• Raw data:
┌──

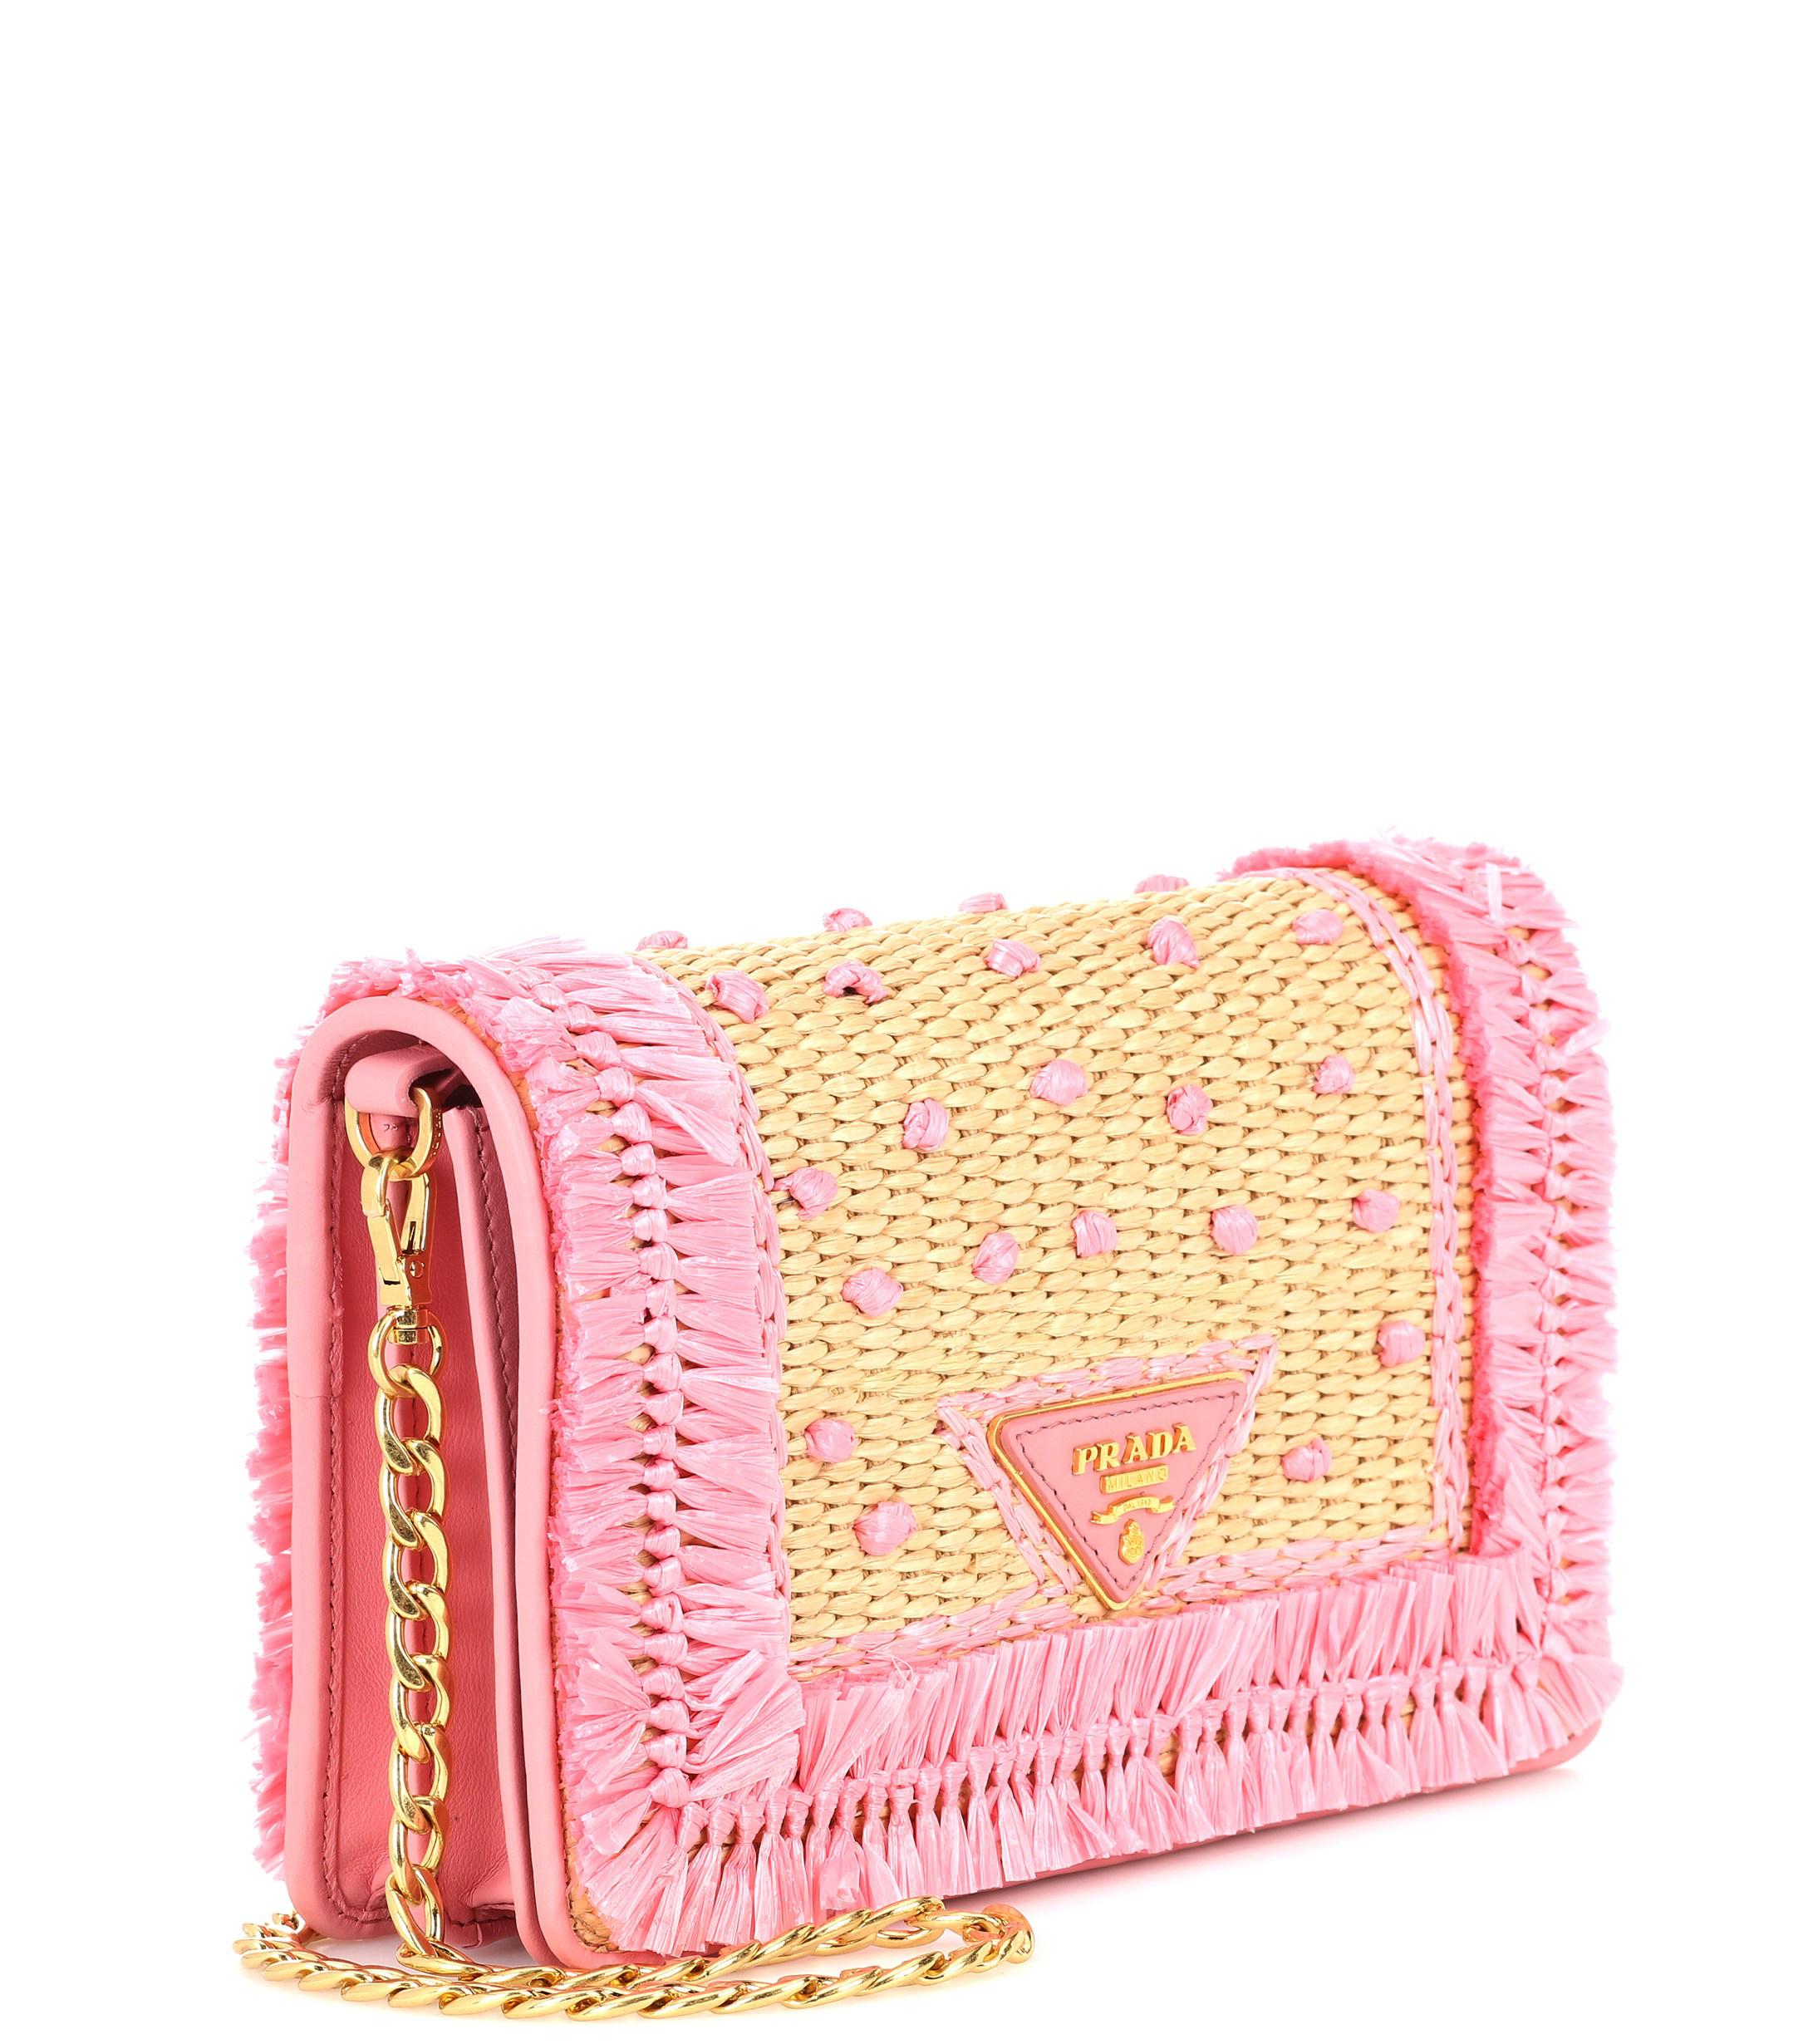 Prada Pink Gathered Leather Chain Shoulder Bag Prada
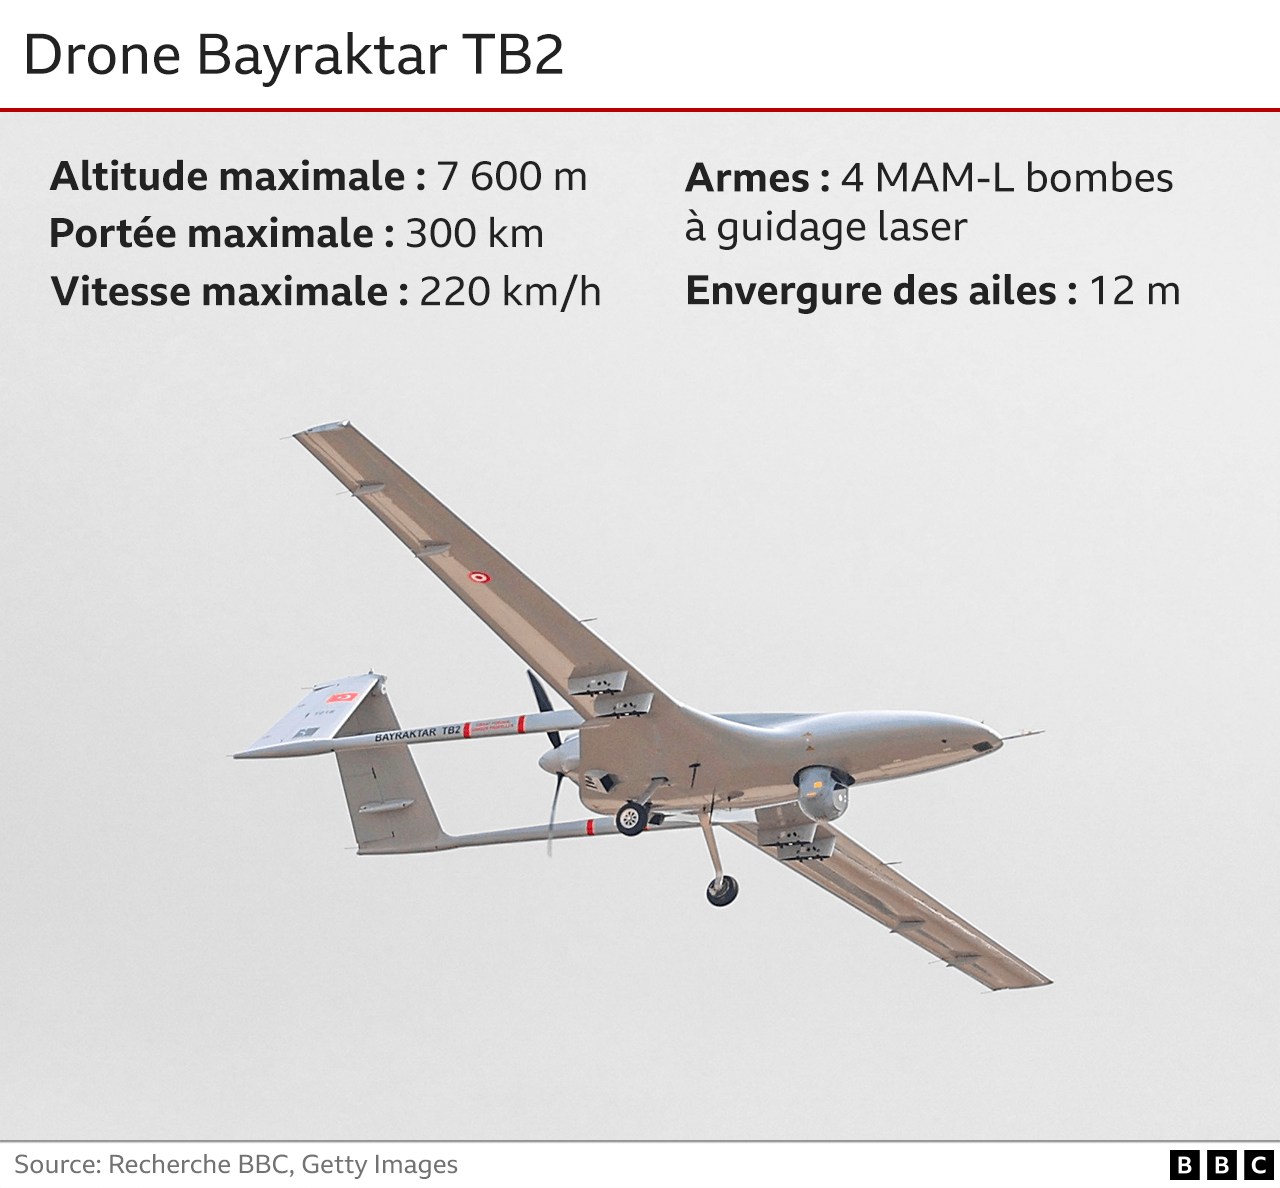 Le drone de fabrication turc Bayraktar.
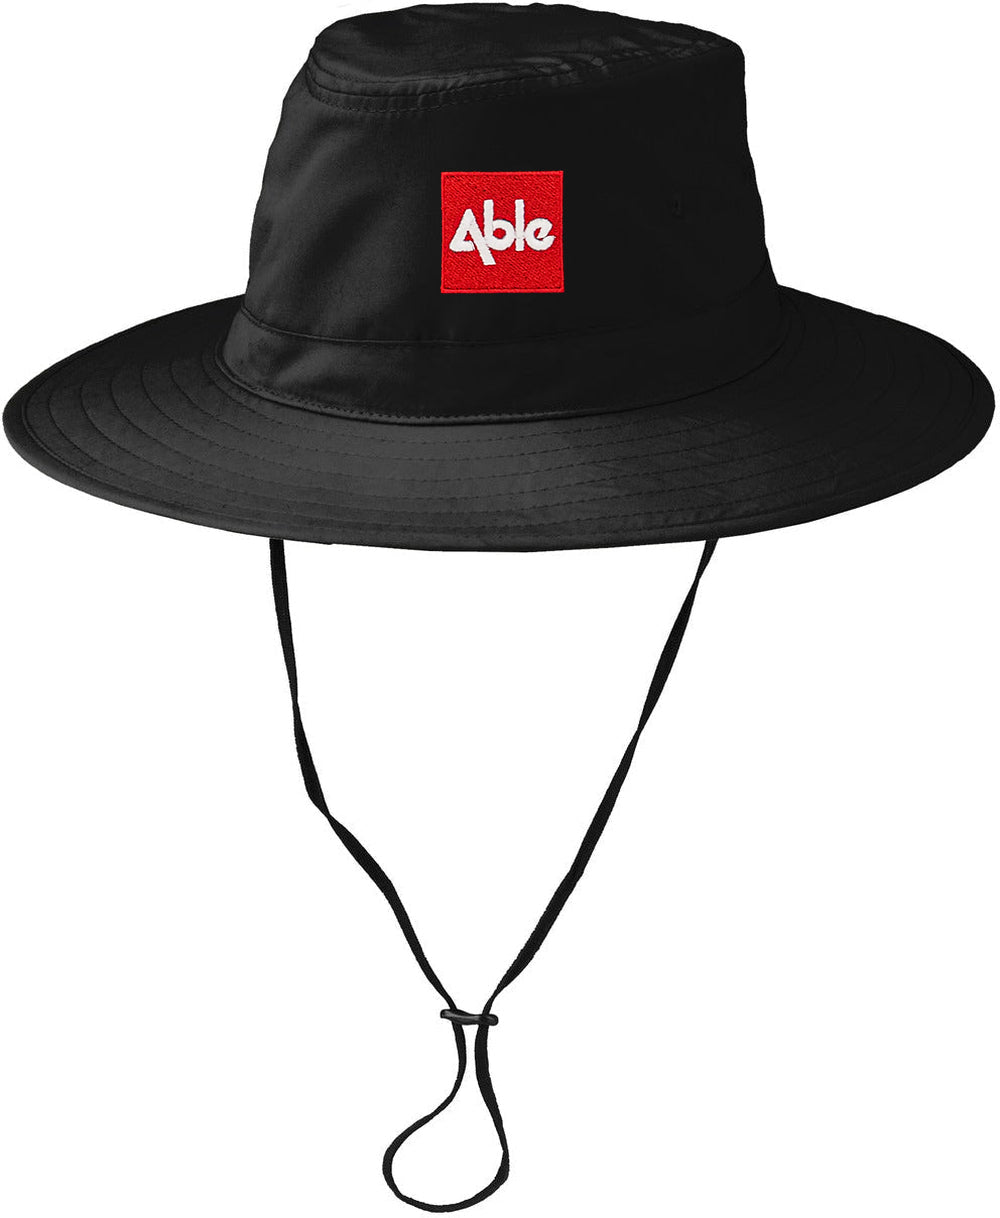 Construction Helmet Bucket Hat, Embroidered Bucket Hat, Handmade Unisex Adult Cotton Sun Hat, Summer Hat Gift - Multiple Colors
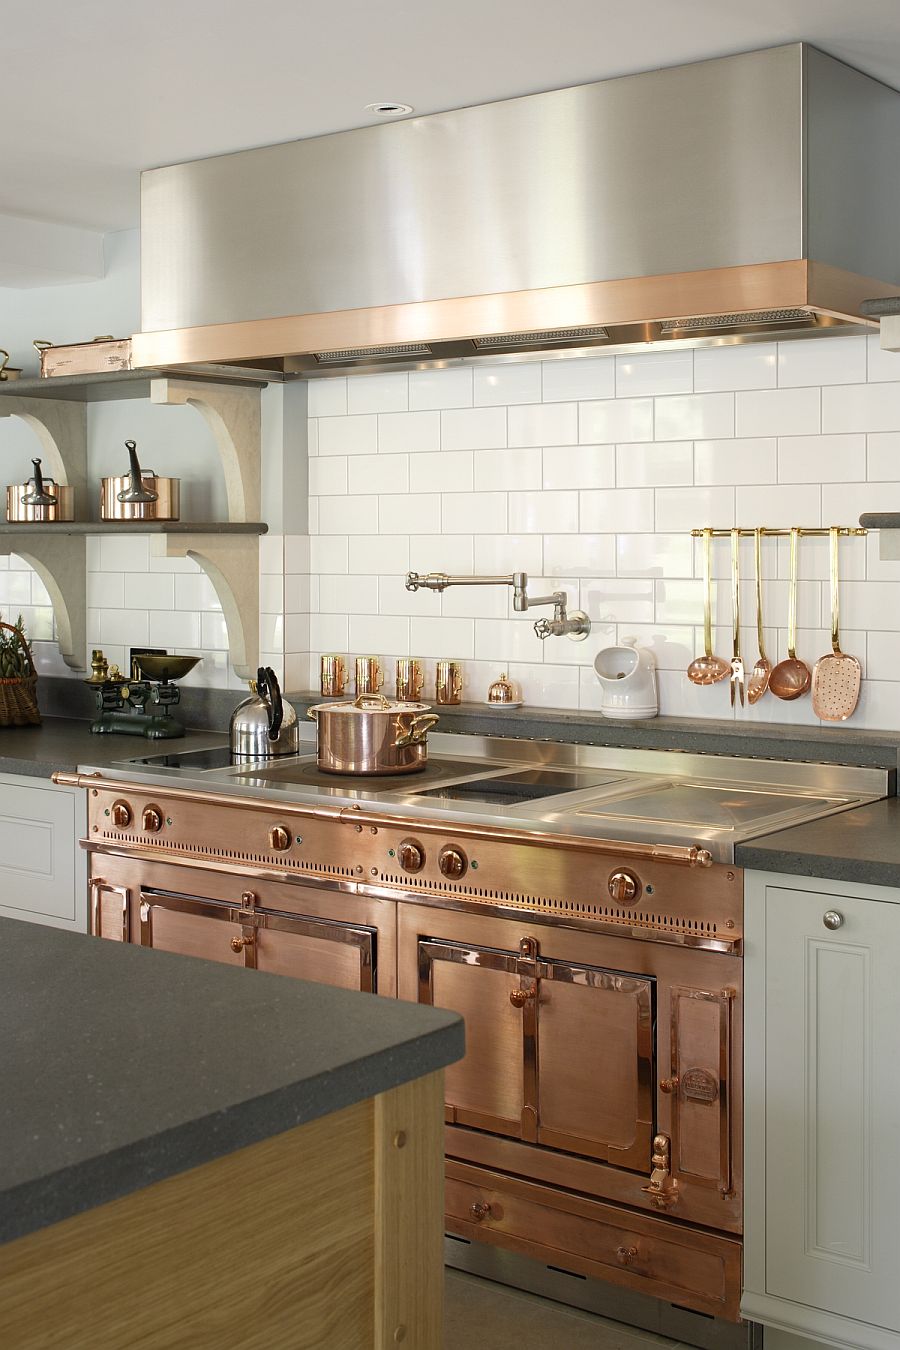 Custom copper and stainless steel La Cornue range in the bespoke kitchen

└──

• What to do: Please reproduce the material above word for word, without its images.

• Answer:
 Prada Pink Gathered Leather Chain Shoulder Bag Prada
 Le drone de fabrication turc Bayraktar.
 Construction Helmet Bucket Hat, Embroidered Bucket Hat, Handmade Unisex Adult Cotton Sun Hat, Summer Hat Gift - Multiple Colors
 Custom copper and stainless steel La Cornue range in the bespoke kitchen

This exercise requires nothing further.